"Saturday Night Live" alum Tina Fey crashed Thursday night's "Weekend Update: Summer Edition" to give her own personal take on last weekend's Nazi gathering in Charlottesville, Virginia.

The comedian -- a graduate of the University of Virginia -- joked that she "graduated a virgin" and still liked it.

"That's how good the architecture is down there," she joked before turning her sights toward the protests and violence that took place there earlier this week. "It broke my heart to see these evil forces descend upon Charlottesville. And then our president, Donald John Trump, which -- I don't think people talk enough about what a stupid, jackass name that is -- it does not flow. Donald John? Whatever, he gets away with it 'cause he's gorgeous."

Fey said Trump putting the blame "on many sides" made her "sick" because "Nazis are always bad -- I don't care what you say."

The comedian went in on the nine more alt-right rallies planned nationwide for this upcoming Saturday, including one in New York City in Washington Square Park.

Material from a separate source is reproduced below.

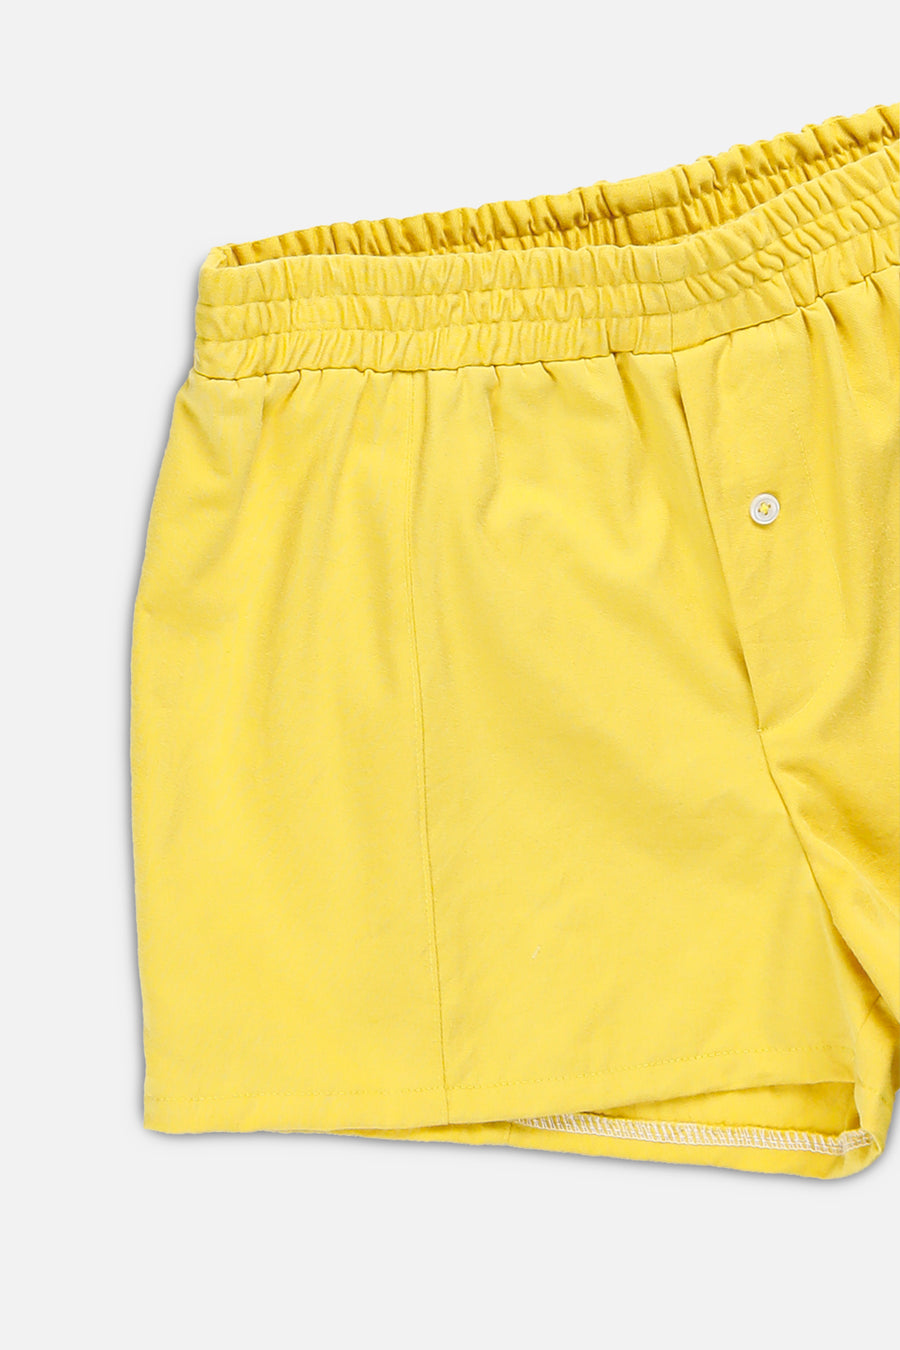 Rework Oxford Mini Boxer Shorts - XS
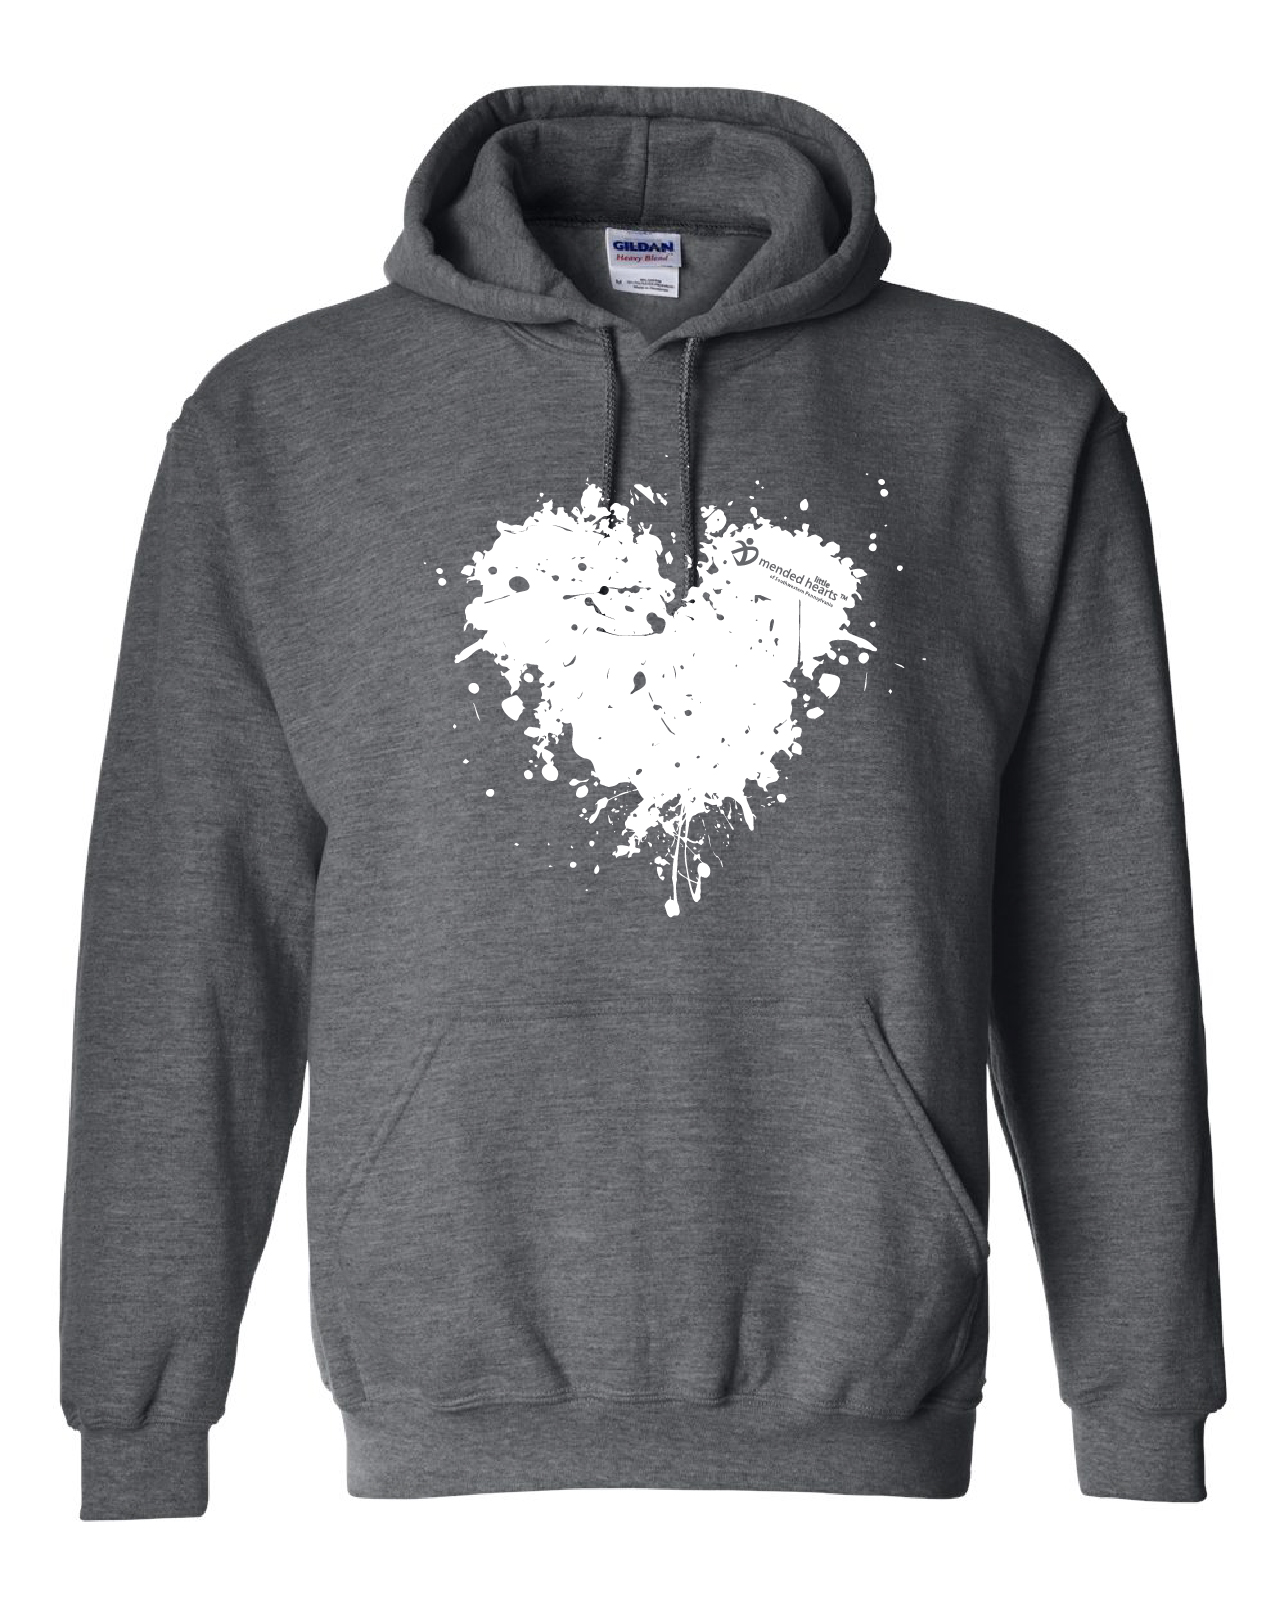 Splatter Heart Hooded Sweatshirt Available in Navy or Dark Heather

"Part of me hopes these neo-Nazis do try it in New York City," she said. "I hope they try it and get the ham salad kicked out of them by a bunch of drag queens 'cause you know what a drag queen still is? A 6-foot-4 black man."

"But at the same time, I don't want any more good people to get hurt," she continued. "I know a lot of us are anxious and we're asking ourselves like, 'What can I do? I'm just one person.'"

Fey urged people to combat the potential violence this Saturday by supporting a local business, "like a Jewish-run bakery or an African-American-run bakery," instead of "participating in the screaming matches" with Nazis.

"Order a cake with the American flag on it -- like this one -- and just eat it," she said as she shoveled forkfuls of a Patriotic sheet cake into her mouth.

"Love is love," she said with a mouthful of cake. "And the next time when you see [inaudible] white boys, boys in polo shirts screaming about taking our country back, and you wanna scream, 'It's not our country. We stole it from the Native Americans. We stole it from the Native Americans, and when they have a peaceful protest...we shoot at them with rubber bullets, but we let you chinless turds march through the streets with semiautomatic weapons.'"

"And when you wanna yell that," she said looking at "Weekend Update" anchor Colin Jost, "don't yell that at the Klan, Colin, yell it into the cake."

"Also, who drove the car into the crowd?! Hillary's emails?!" Fey yelled as she continued to tear into the cake. "Sheetcaking is a grassroots movement, Colin. Most of the women I know have been doing it once a week since the election!"